Abstract

My first association with August Wilson came in the spring of 1987 when I was cast in the Studio Theater's production of Ma Rainey's Black Bottom in Washington, DC. This was the second professional production of the play, and so August Wilson came in from Minneapolis to see the production. It was a hit and ran for over twelve weeks, well into the swelteringly hot and humid DC summer. I played Ma's stuttering nephew, Sylvester. Sylvester's — and my — shining moment occurs well into the second act, when, after unsuccessfully stuttering through two previous attempts to record the intro to the title song, "Ma Rainey's Black Bottom," with Ma's coaxing he/I steps trembling up to the mike and produces a stammer-free rendition.[…] Sylvester marks Wilson's first venture into a form of character that becomes a repeated trope in his dramaturgy, one he develops through Gabriel in Fences, Hambone in Two Trains Running, Hedley in Seven Guitars, and Stool Pigeon in King Hedley II: figures who appear mentally or physically handicapped. Paradoxically, in Wilson's works those characters who appear mentally impaired, besieged by madness, unable to grasp the reality of the world around them, represent a connection to a powerful, transgressive spirituality, to a lost African consciousness, and to a legacy of black social activism. By "madness" here I mean a condition within these figures that operates on both symbolic and literal planes.

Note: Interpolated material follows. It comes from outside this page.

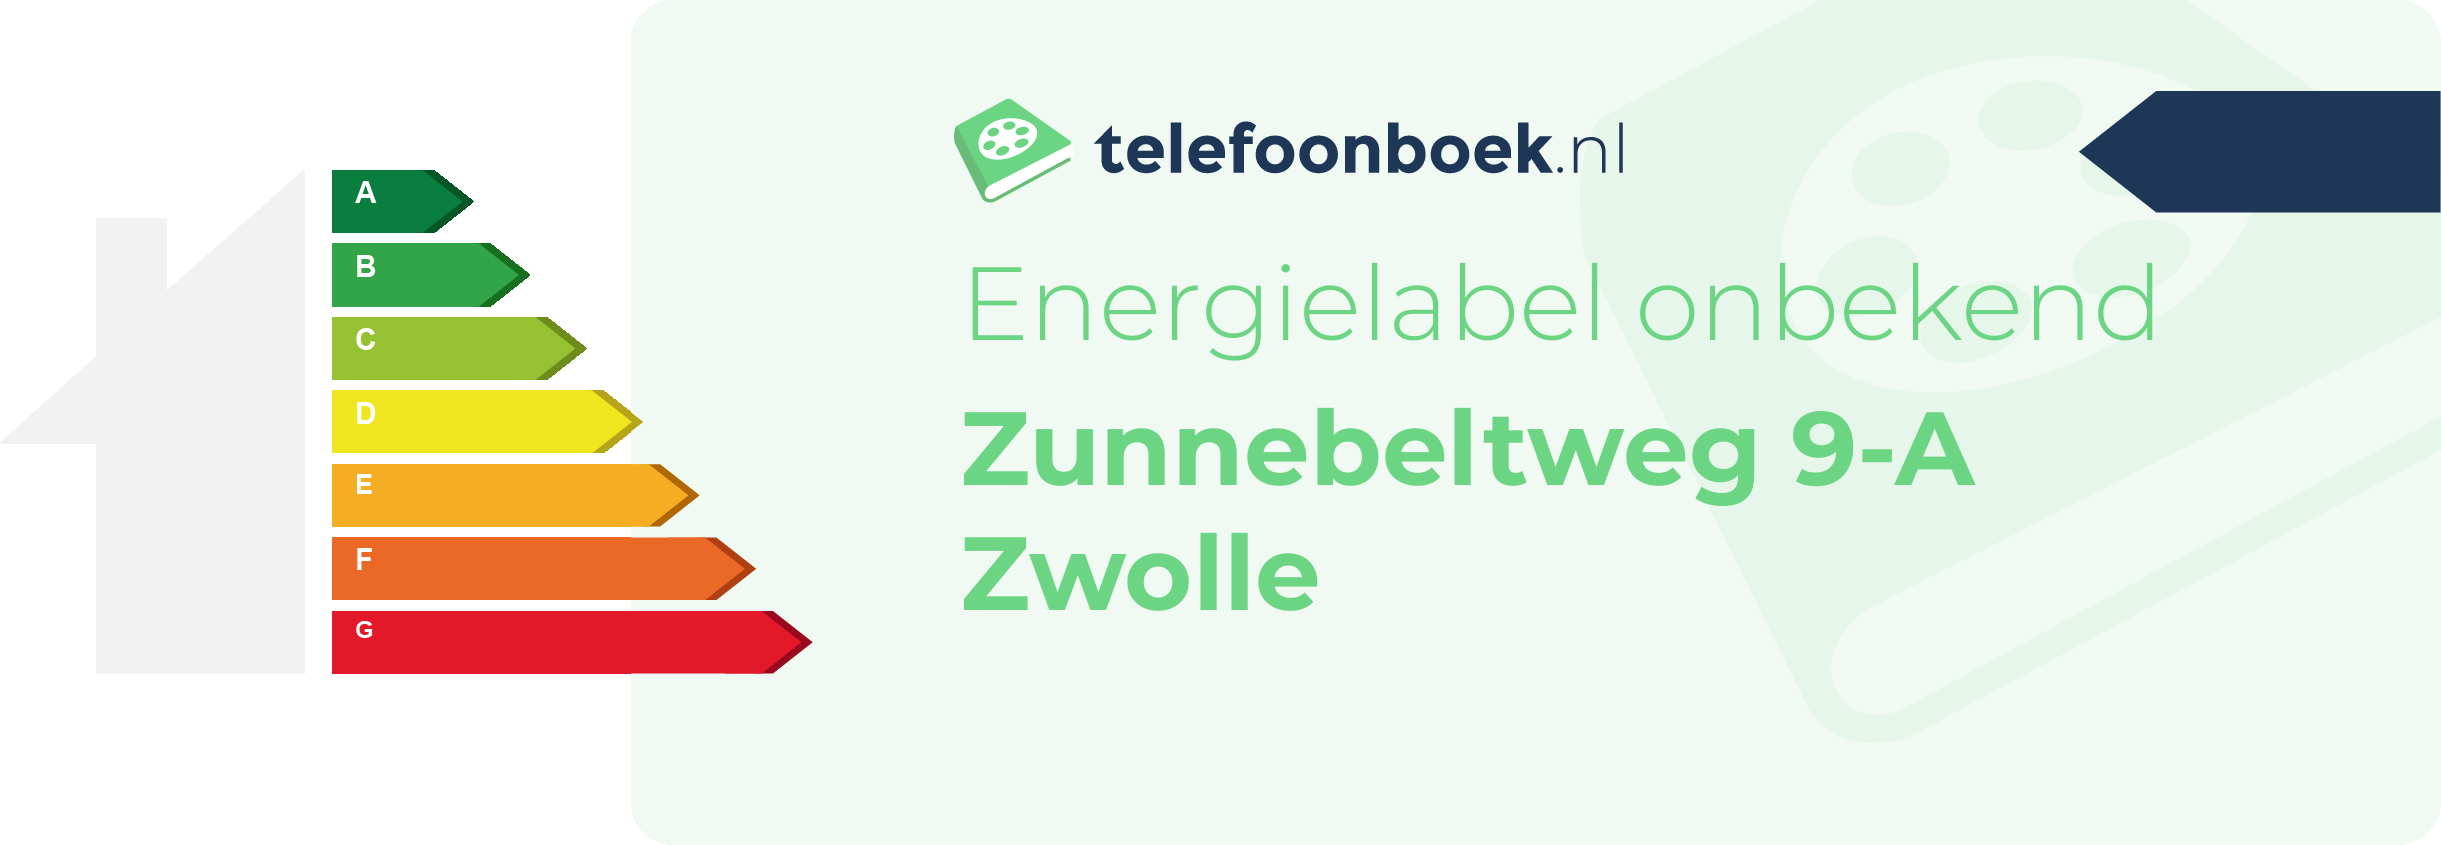 Energielabel Zunnebeltweg 9-A Zwolle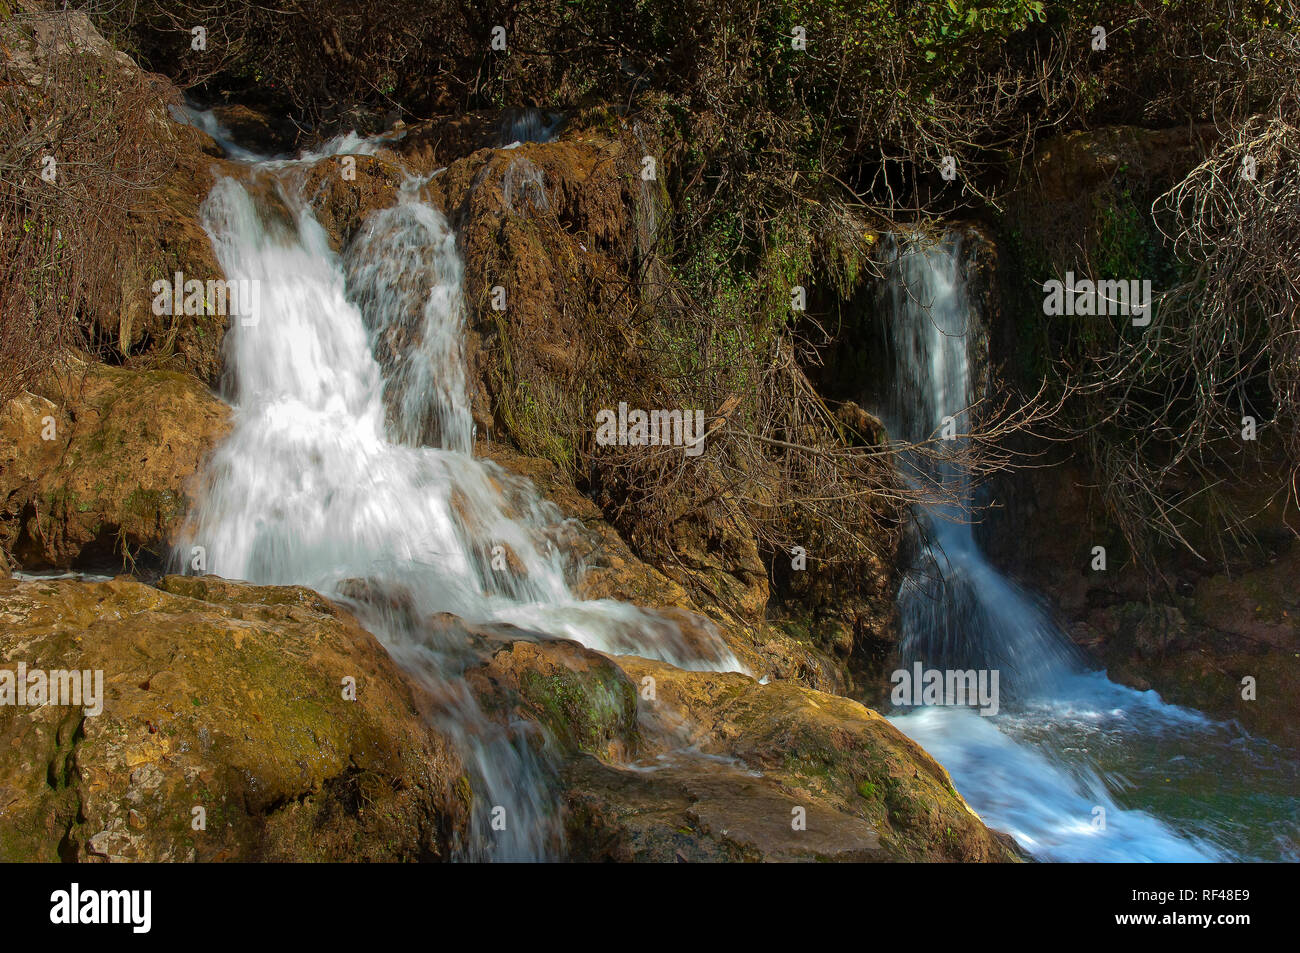 Rivière Hueznar cascades. Le Parc Naturel de la Sierra Norte. Province de Séville. Région de l'Andalousie. L'Espagne. L'Europe Banque D'Images

Their madness has both individual and cultural significance; it both constrains and empowers these characters. Unlike the others, Sylvester does not suffer from madness; his sense of consciousness or activism is rather nascent. Nonetheless, his act of delivering the song intro without stuttering is a moment of personal and collective transcendence that benefits the gathered community. As such, it serves as precursor to the redemptive acts and transgressive rituals performed by these other figures in Wilson's subsequent dramas, rituals that will be the focus of this paper.